DataSheet1_A Novel Six Autophagy-Related Genes Signature Associated With Outcomes and Immune Microenvironment in Lower-Grade Glioma.pdf

Since autophagy and the immune microenvironment are deeply involved in the tumor development and progression of Lower-grade gliomas (LGG), our study aimed to construct an autophagy-related risk model for prognosis prediction and investigate the relationship between the immune microenvironment and risk signature in LGG. Therefore, we identified six autophagy-related genes (BAG1, PTK6, EEF2, PEA15, ITGA6, and MAP1LC3C) to build in the training cohort (n = 305 patients) and verify the prognostic model in the validation cohort (n = 128) and the whole cohort (n = 433), based on the data from The Cancer Genome Atlas (TCGA). The six-gene risk signature could divide LGG patients into high- and low-risk groups with distinct overall survival in multiple cohorts (all p < 0.001). The prognostic effect was assessed by area under the time-dependent ROC (t-ROC) analysis in the training, validation, and whole cohorts, in which the AUC value at the survival time of 5 years was 0.837, 0.755, and 0.803, respectively. Cox regression analysis demonstrated that the risk model was an independent risk predictor of OS (HR > 1, p < 0.05). A nomogram including the traditional clinical parameters and risk signature was constructed, and t-ROC, C-index, and calibration curves confirmed its robust predictive capacity. KM analysis revealed a significant difference in the subgroup analyses’ survival.
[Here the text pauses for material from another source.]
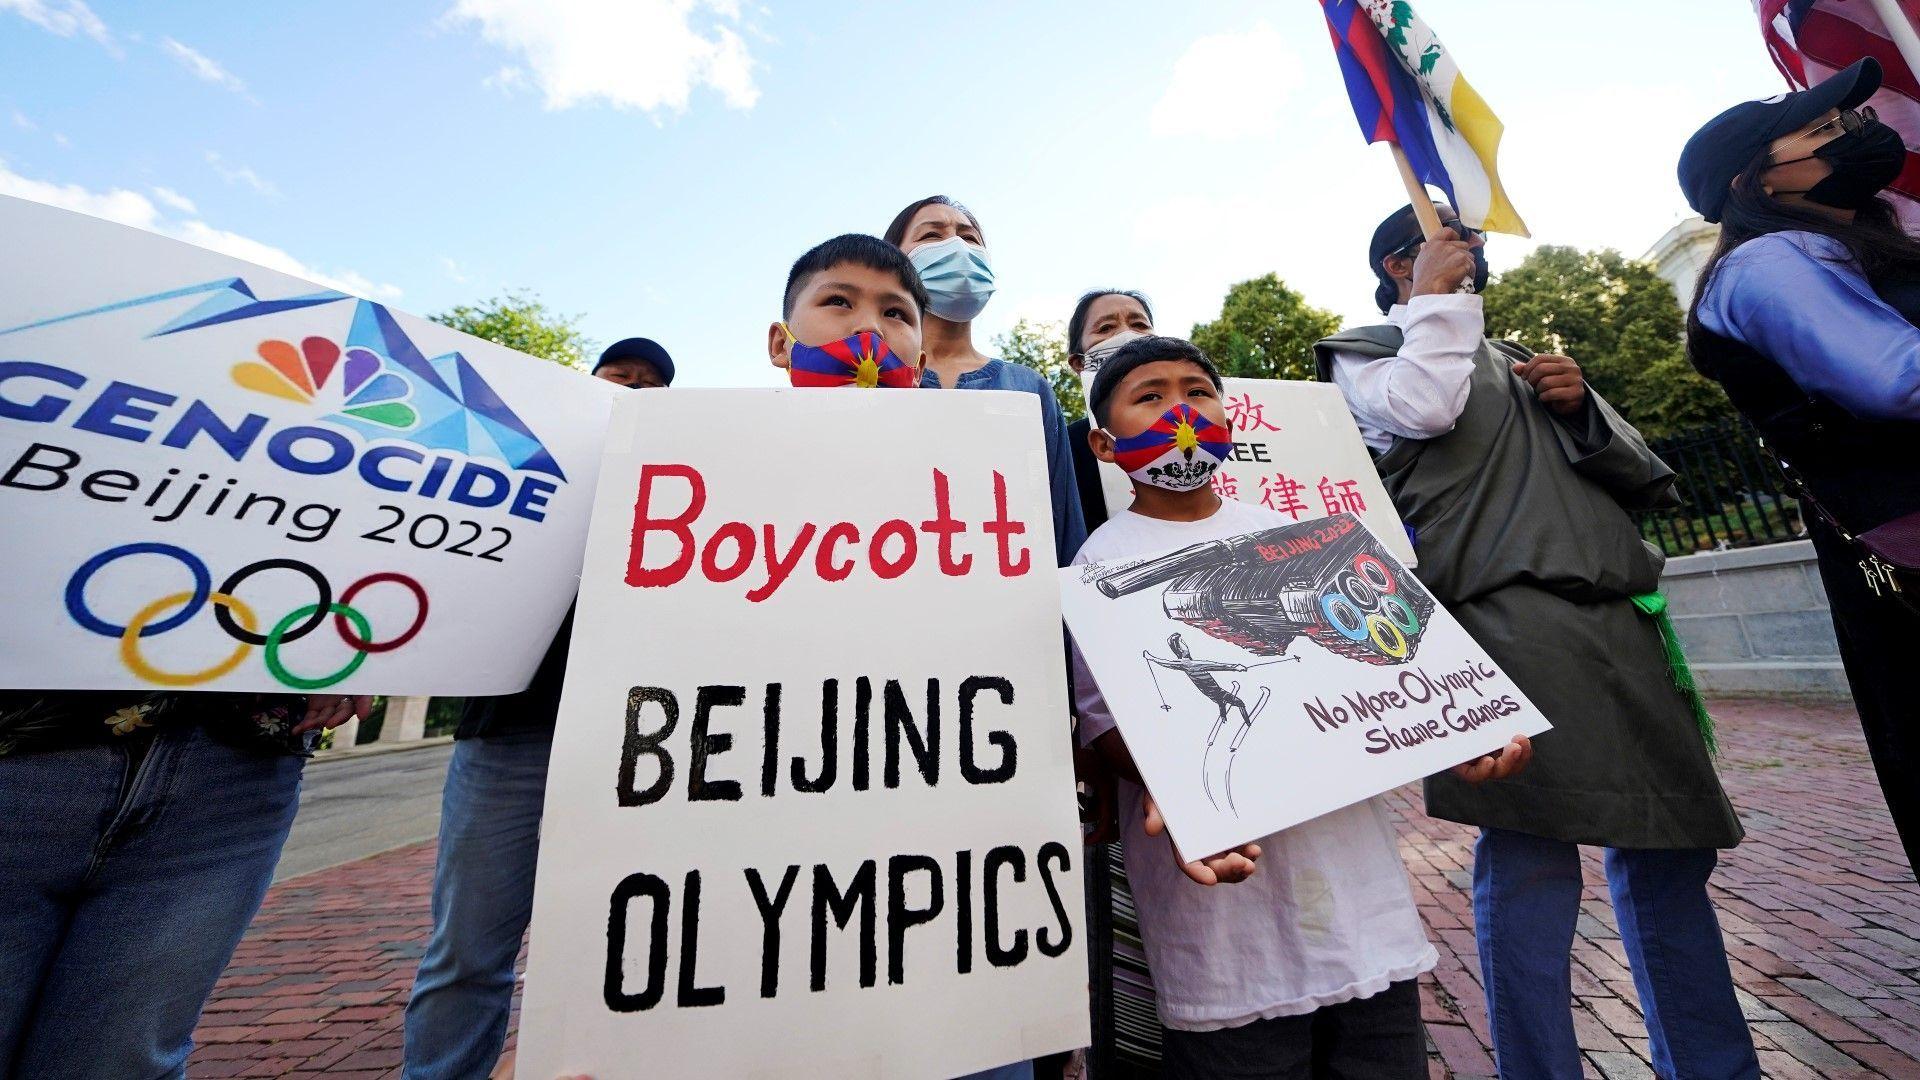 Тибетци и уйгури протестираха пред Олимпийския музей в Лозана срещу организирането на зимните Олимпийски игри в Пекин догодина и призоваха за бойкот
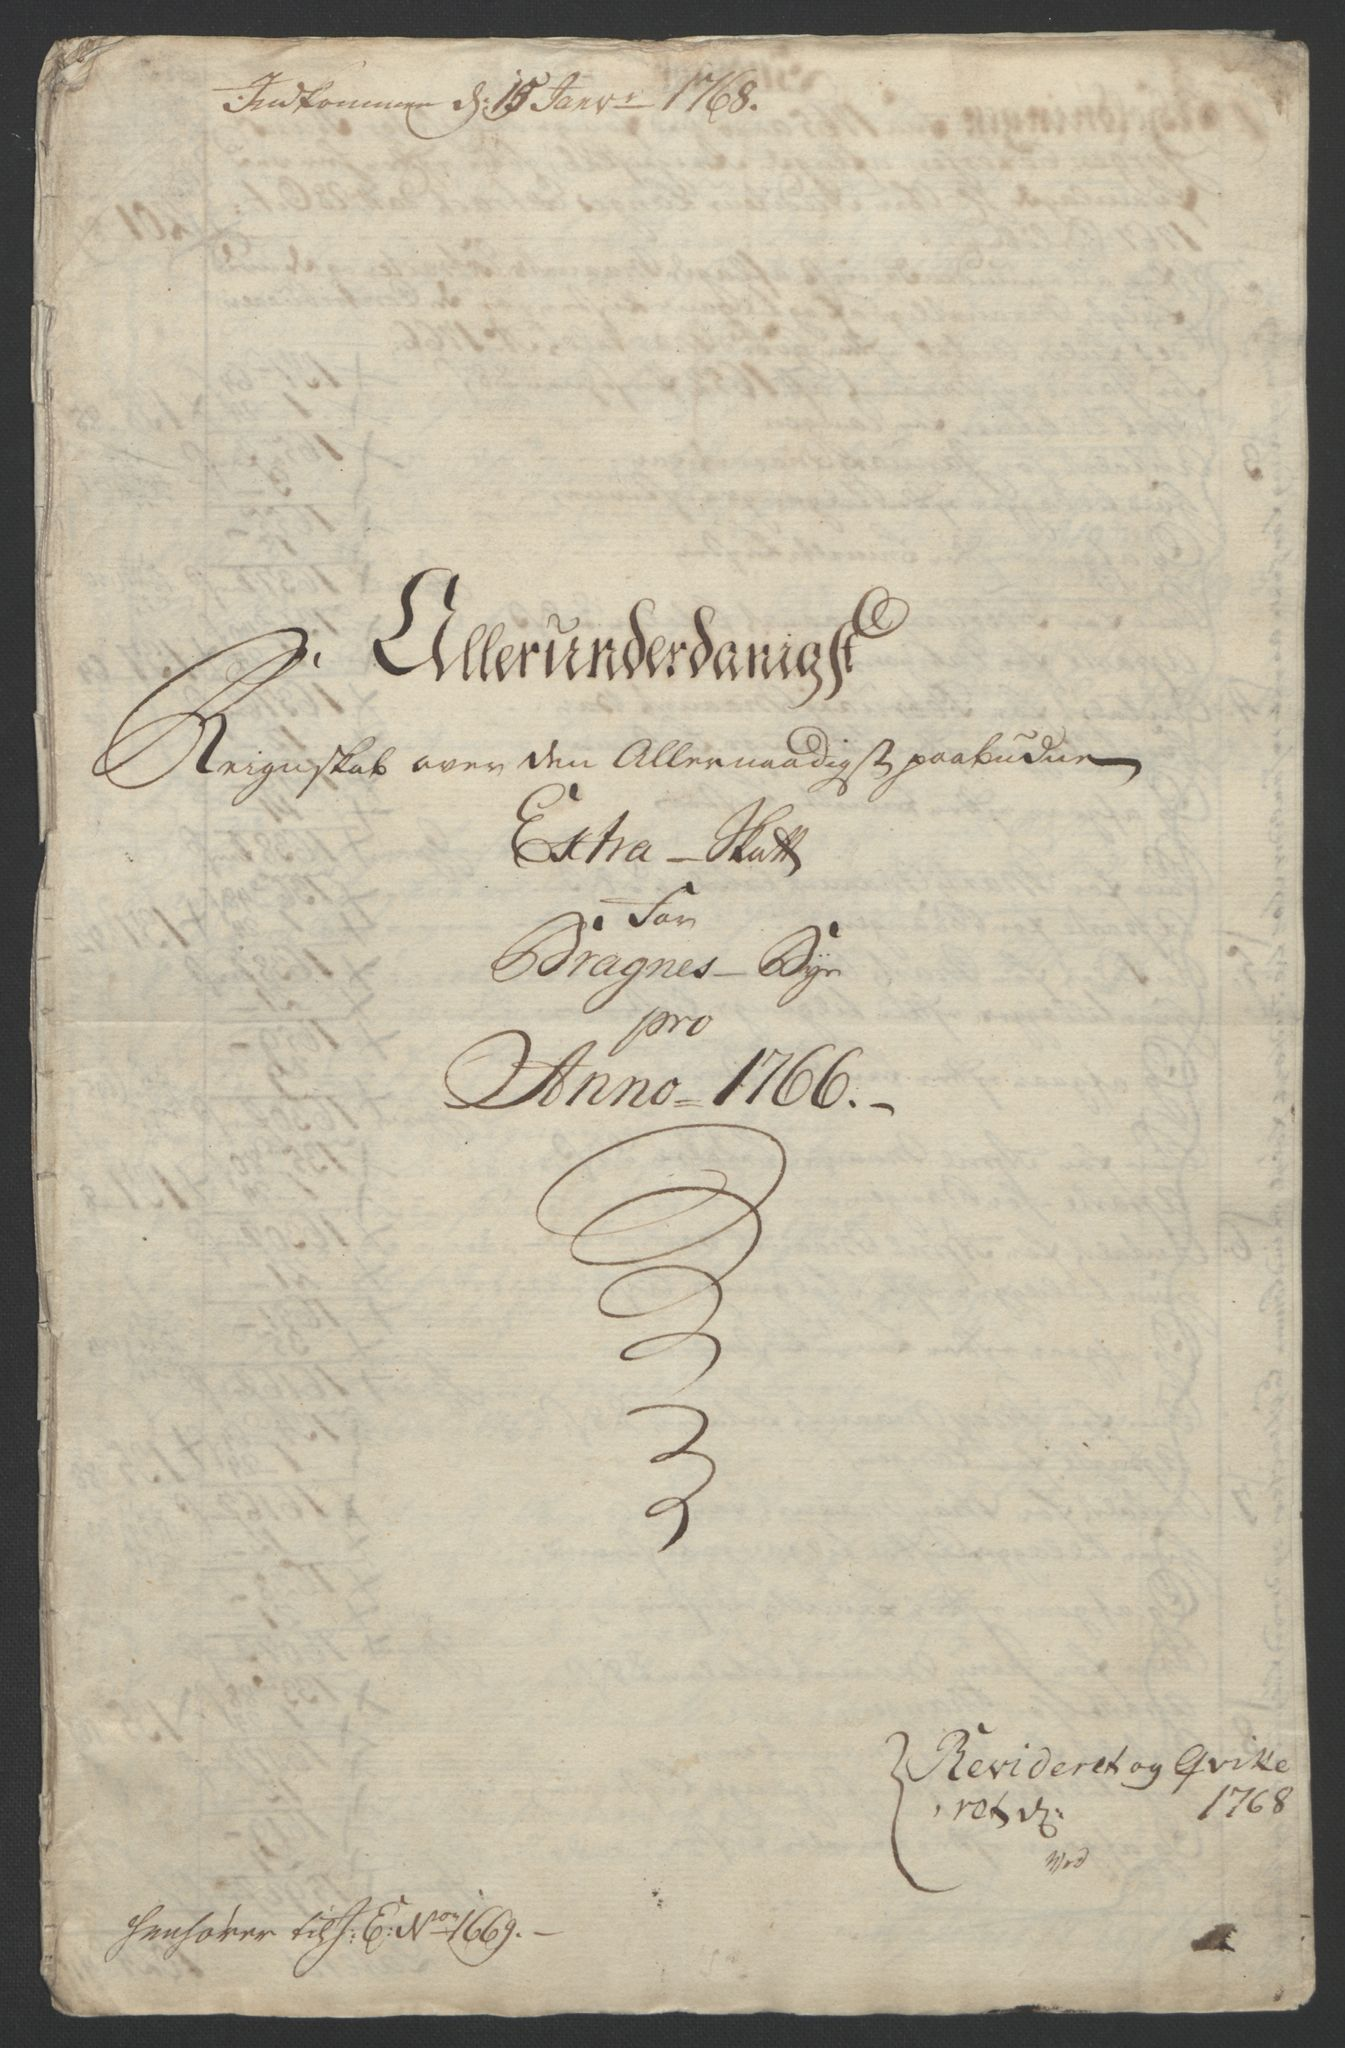 RA, Rentekammeret inntil 1814, Reviderte regnskaper, Byregnskaper, R/Rf/L0119: [F2] Kontribusjonsregnskap, 1762-1767, s. 353

Functional enrichment analysis revealed that these autophagy-related signatures were mainly involved in the phagosome and immune-related pathways. Besides, we also found significant differences in immune cell infiltration and immunotherapy targets between risk groups. In conclusion, we built a powerful predictive signature and explored immune components (including immune cells and emerging immunotherapy targets) in LGG.

鉴于自噬和免疫微环境在低级别胶质瘤（LGG）的发展与进展中扮演着至关重要的角色，本研究旨在构建一个与自噬相关的风险模型以预测预后，并探讨免疫微环境与LGG风险标志物之间的关系。因此，我们识别出六个与自噬相关的基因（BAG1、PTK6、EEF2、PEA15、ITGA6和MAP1LC3C），并在训练队列（n = 305例病人）中构建，并在验证队列（n = 128例）和整个队列（n = 433例）中验证预后模型，数据来源于癌症基因组图谱（TCGA）。该六基因风险标志物能够将LGG患者划分为高风险组和低风险组，并在多个队列中显示出不同的总生存率（所有p < 0.001）。通过时间依赖性ROC曲线下面积（t-ROC）分析，在训练、验证和整个队列中评估了预后效果，其中5年生存时间的AUC值分别为0.837、0.755和0.803。Cox回归分析表明，该风险模型是独立的风险预测因子（HR > 1，p < 0.05）。构建了一个包括传统临床参数和风险标志物的评分图，t-ROC、C指数和校准曲线证实了其强大的预测能力。KM分析揭示了亚组分析中生存率的显著差异。功能富集分析显示，这些与自噬相关的标志物主要涉及吞噬体和免疫相关途径。此外，我们还发现风险组在免疫细胞浸润和免疫治疗靶点之间存在显著差异。总之，我们构建了一个强大的预测标志物，并探索了LGG中的免疫成分（包括免疫细胞和新兴的免疫治疗靶点）。